Sampah-sampah tersebut, ungkap Anggi, dikumpulkan dari jalanan, sawah, maupun di tepi sungai.
Dia menuturkan, sampah yang terkumpul kemudian dipilah. Sampah yang masih baik dijadikan bahan membuat aneka mainan ataupun kreasi lainnya.
Dijelaskan Anggi, replika virus corona dibuat dari sampah plastik dan sisa bambu.
Sampah plastik dari botol air mineral dibuat untuk membuat ornamen replika virus corona.
Kerangka replika, terbuat dari bambu yang diperoleh secara cuma-cuma karena tidak digunakan oleh warga.
"Sampahnya kami kumpulkan dari sawah, dari sungai sama yang ada di jalan," kata Anggi, di Taman Kebun Ratu Jombang, Minggu (3/10/2021).
Aktivis lingkungan dari Ruang Hijau Indonesia Kabupaten Jombang, Shanti Ramadhani mengungkapkan, kepekaan anak-anak terhadap persoalan sampah perlu ditanamkan sejak dini.
Menurut dia, persoalan sampah merupakan masalah klasik yang perlu ditangani dengan berbagai cara dan melibatkan berbagai unsur masyarakat, termasuk anak-anak.
Atas pertimbangan itu, pihaknya bersama aktivis dari Badala Nusantara melakukan pendampingan terhadap anak-anak Desa Tanjung Wadung.
Mereka diajak untuk mengenali, memilah, hingga mendaur ulang sampah dan menjadikannya sebagai produk bernilai.
"Awalnya kami melihat, ruang anak-anak untuk bermain dan belajar banyak timbunan sampah. Dari keprihatinan itu, kami mengajari anak-anak untuk menyelamatkan (sampah) plastik itu dari lingkungan agar tidak dibakar atau dibiarkan berserakan," kata Shanti.
Dia menjelaskan, pembuatan replika virus corona dari sampah plastik bertujuan untuk mendorong kepatuhan anak-anak dan masyarakat menerapkan protokol kesehatan.

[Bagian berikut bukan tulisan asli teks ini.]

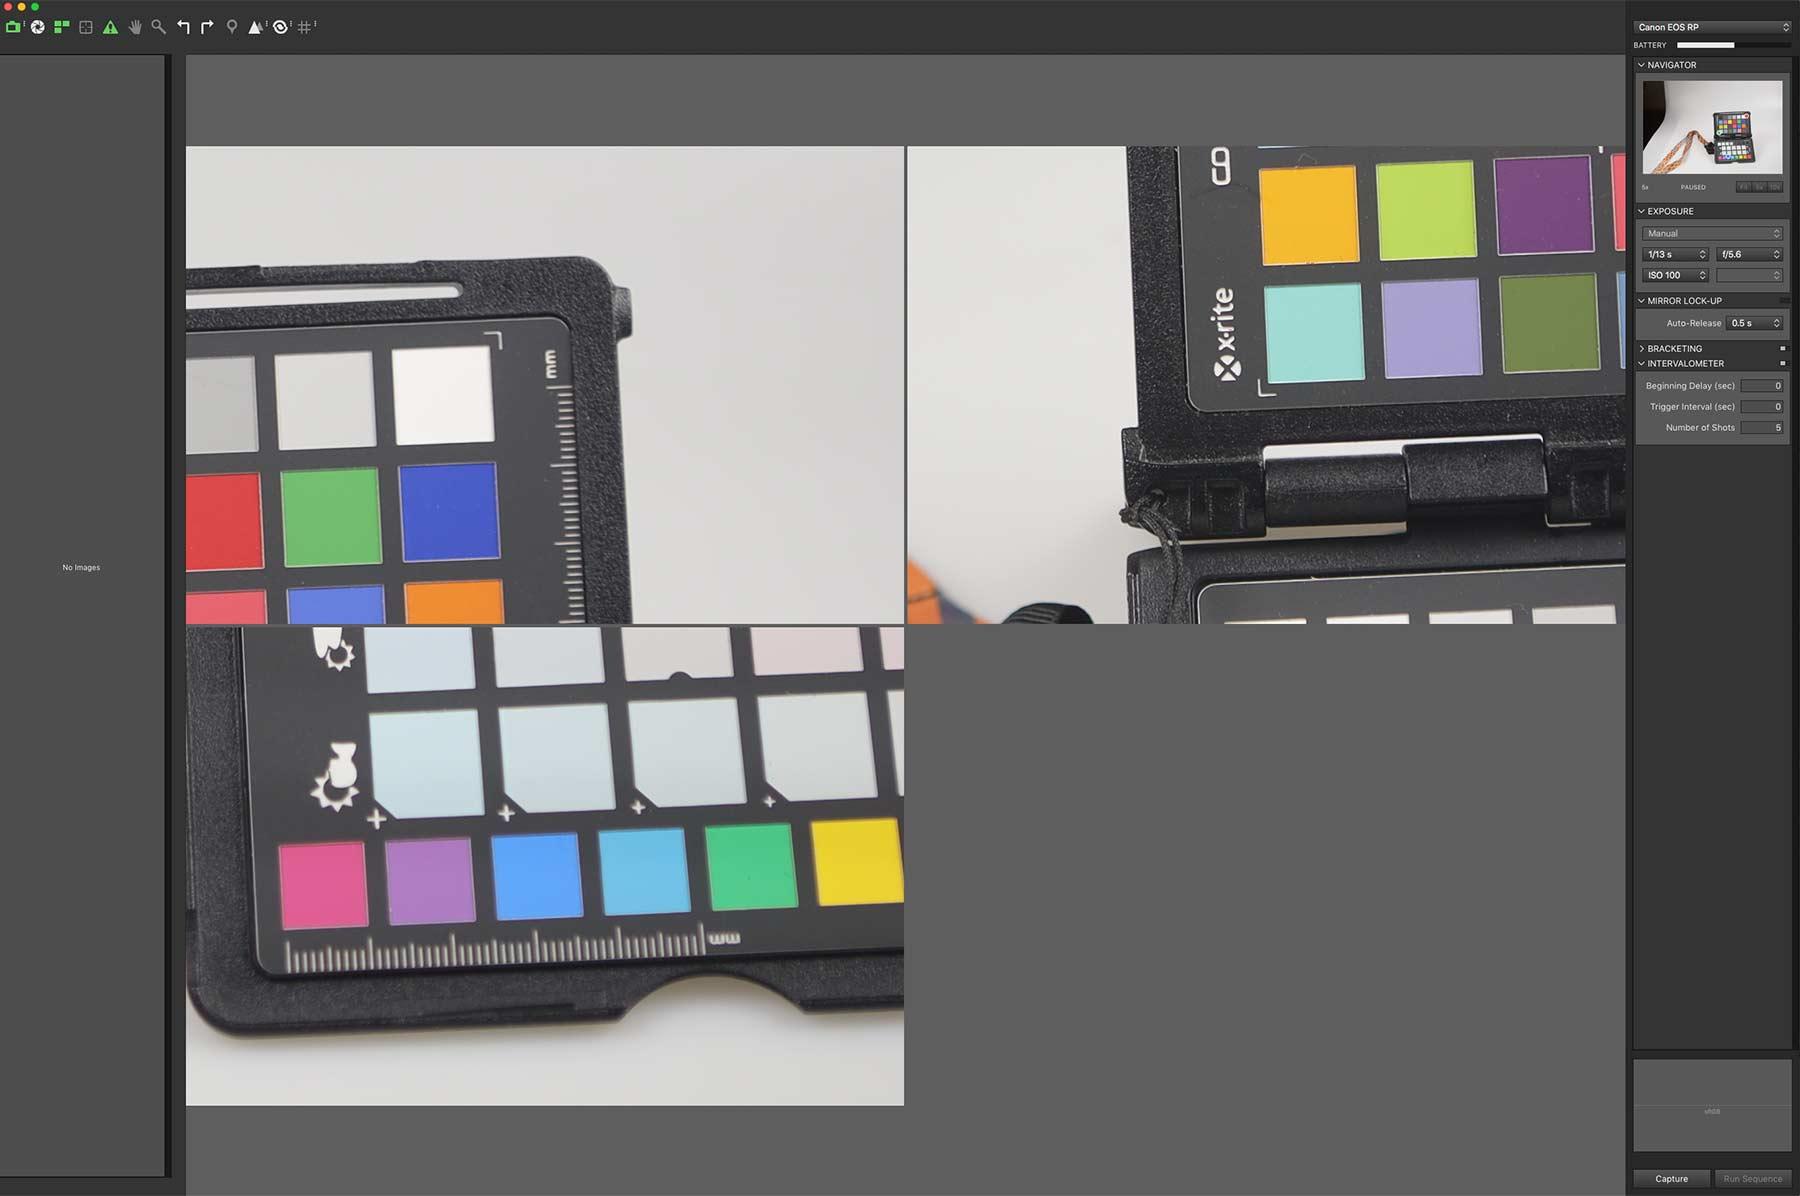 split-screen-mode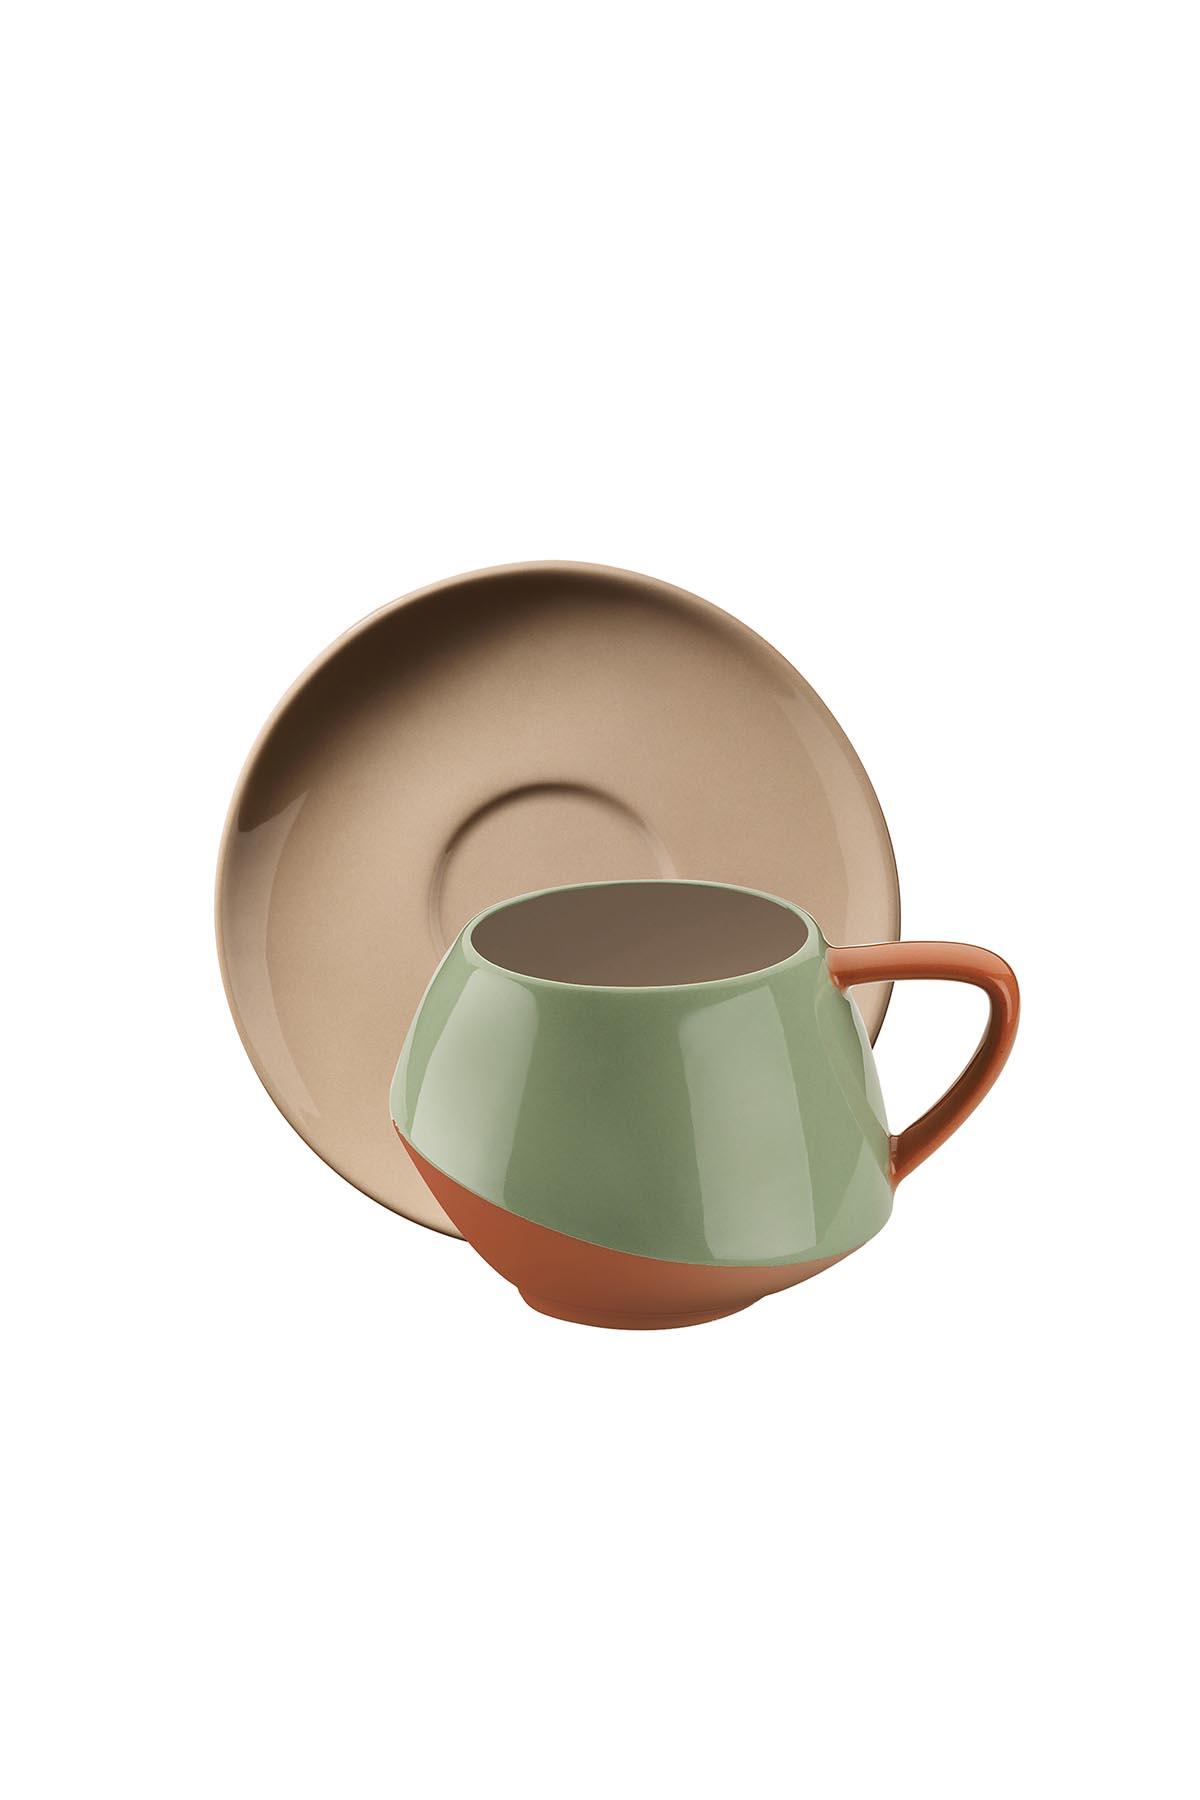 - Aura Çay Takımı Yeşil-Bej-Kırmızı

Menurut Shanti, Pandemi Covid-19 menyebabkan anak-anak kehilangan banyak kesempatan belajar maupun bermain bersama teman-temannya.
Dia mengungkapkan, selain anak-anak di Desa Tanjung Wadung, pihaknya juga melakukan pendampingan terhadap di desa lain.
Langkah dan upaya para aktivis lingkungan mendapatkan dukungan dari Unicef dan Akatara Jurnalis Sayang Anak (JSA).